Что им возразить? Во-первых, пробовали мы сажать и патиссоны, и топинамбур, но они нам не понравились. Во-вторых, если разобраться, то и огурцы, и капуста у всех разные: кому что удается. И в-третьих, пусть не часто, но и в наших огородах такое порой диво вызреет, что руками разведешь. Но нарочно чудеса выращивать — это увольте. Пускай природа сама распорядится, не надо ее насиловать, и себя тоже. У природы нет таких растений, чтобы цвели беспрерывно, а каждое тихо сидит, набирается соков и лишь иногда, поднатужась, выпустит цветок — кому на пользу, а кому на радость.
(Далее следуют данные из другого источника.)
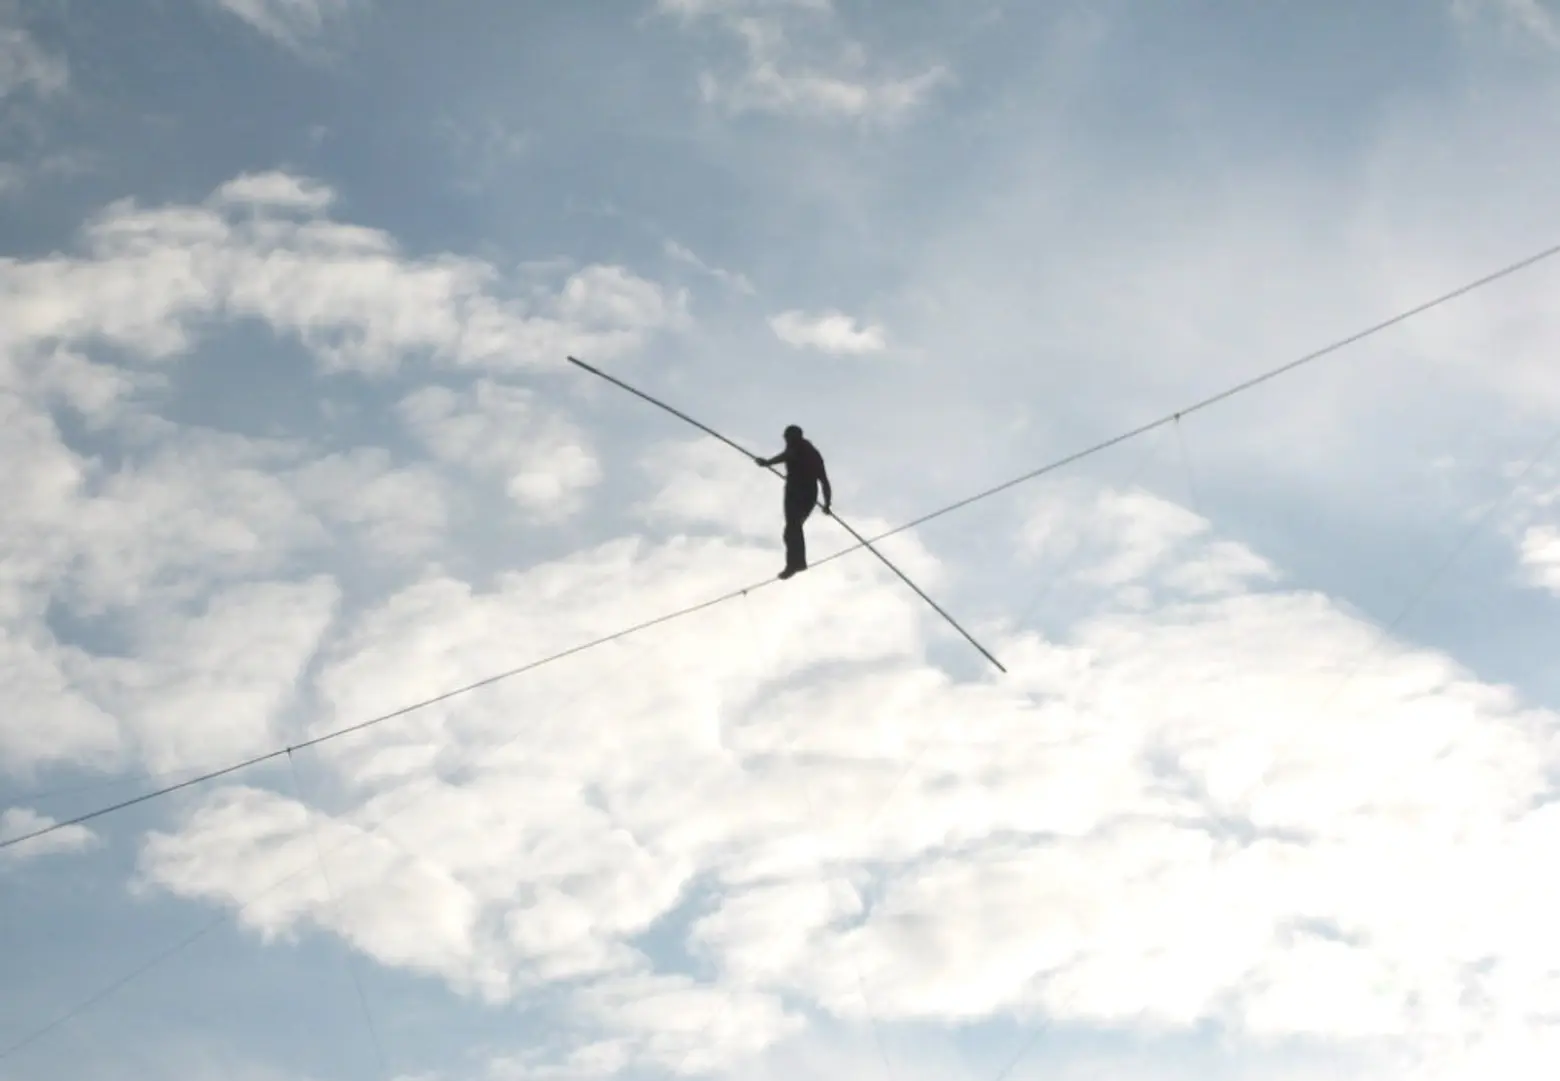 Five Injured After 8-Person Tightrope Stunt Goes Bad in Florida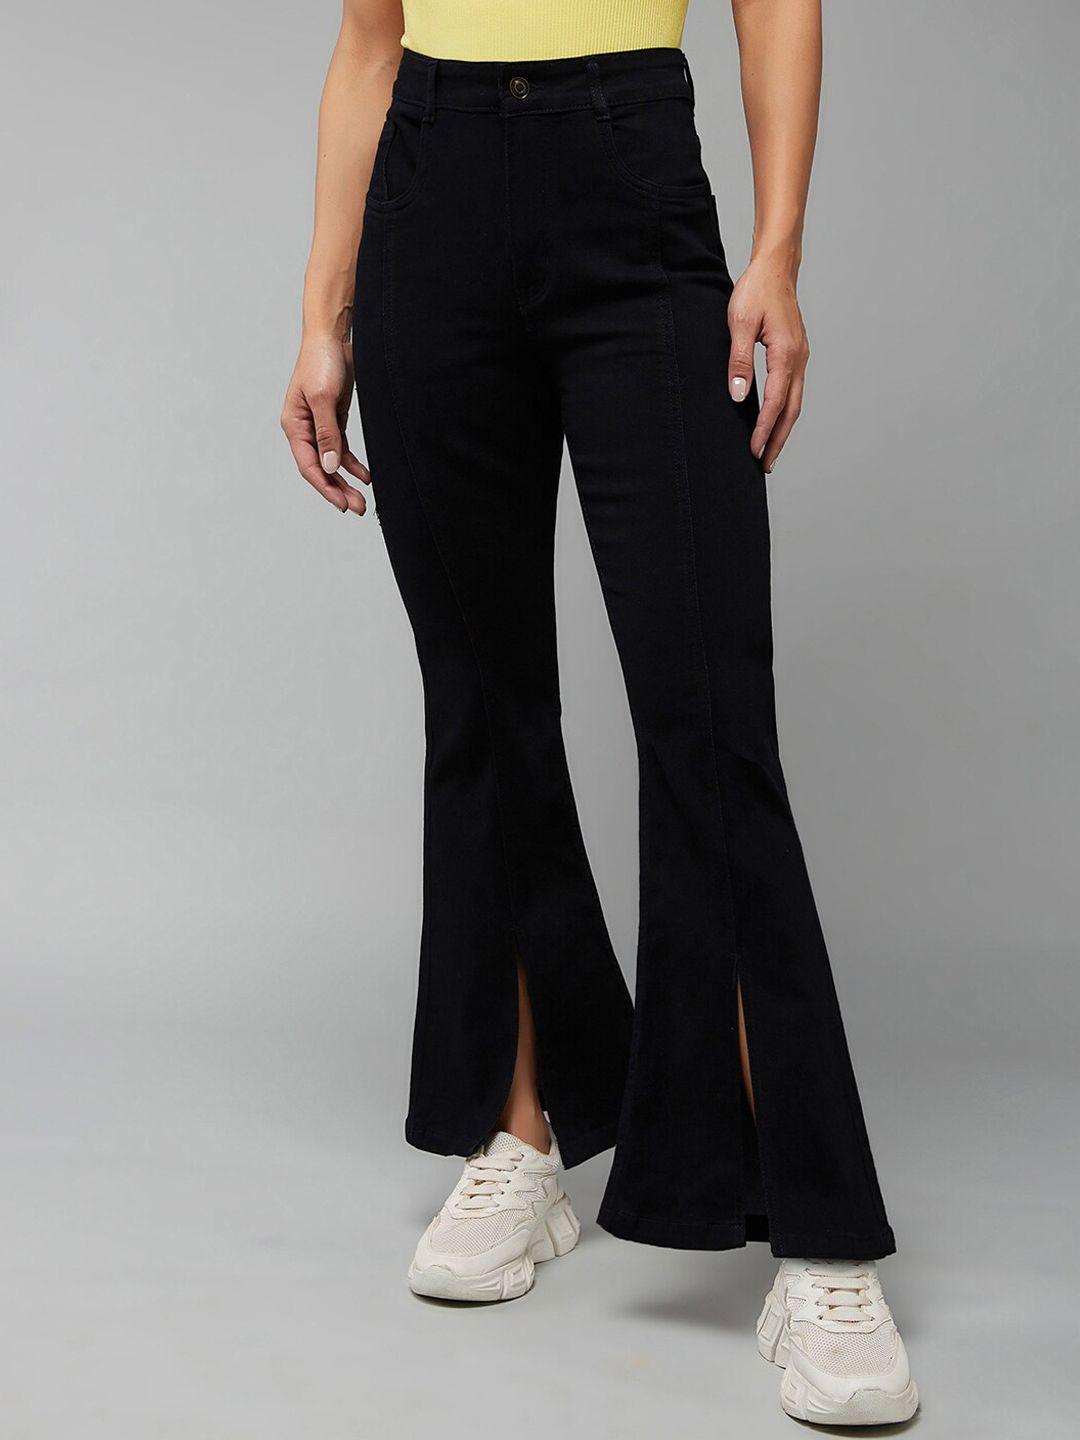 miss-chase-women-black-bootcut-high-rise-stretchable-jeans

А вечные цветы — кладбищенские; сидят на проволочках, и радости от них нету ни им, ни покойникам. И душа человеческая цветет не каждый день — бывает, что раз в жизни. Что ж, лишь бы не на проволочке цвела, лишь бы не бумажным цветом.
Скучно? Да уж, так и веет скукой от этих физий, заглядывающих через наши заборы. И нечем, кроме скуки, и пустоты своей, и болезней своих, им с нами поделиться. Иному, разве, придет охота о нас, убогих, порадеть. Приставит ко лбу ладошку, окинет глазом: «Эй вы, — крикнет, — овощные культуры! Разогнитесь, посмотрите, как интересен мир, сколько в нем такого разного… прекрасного». — «Мир-то, может, интересен, — отвечаем мы, не разгибаясь, — одначе жизнь коротка. Посадить бы успеть да вырастить». — «Это что же — вы, стало быть, этим и счастливы?» — удивляется он. — «Стало быть, так. Иди с Богом и не мешай». И отступается благодетель, и кривится от скуки: «Эх, растительная ваша жизнь… Тьфу на вас!»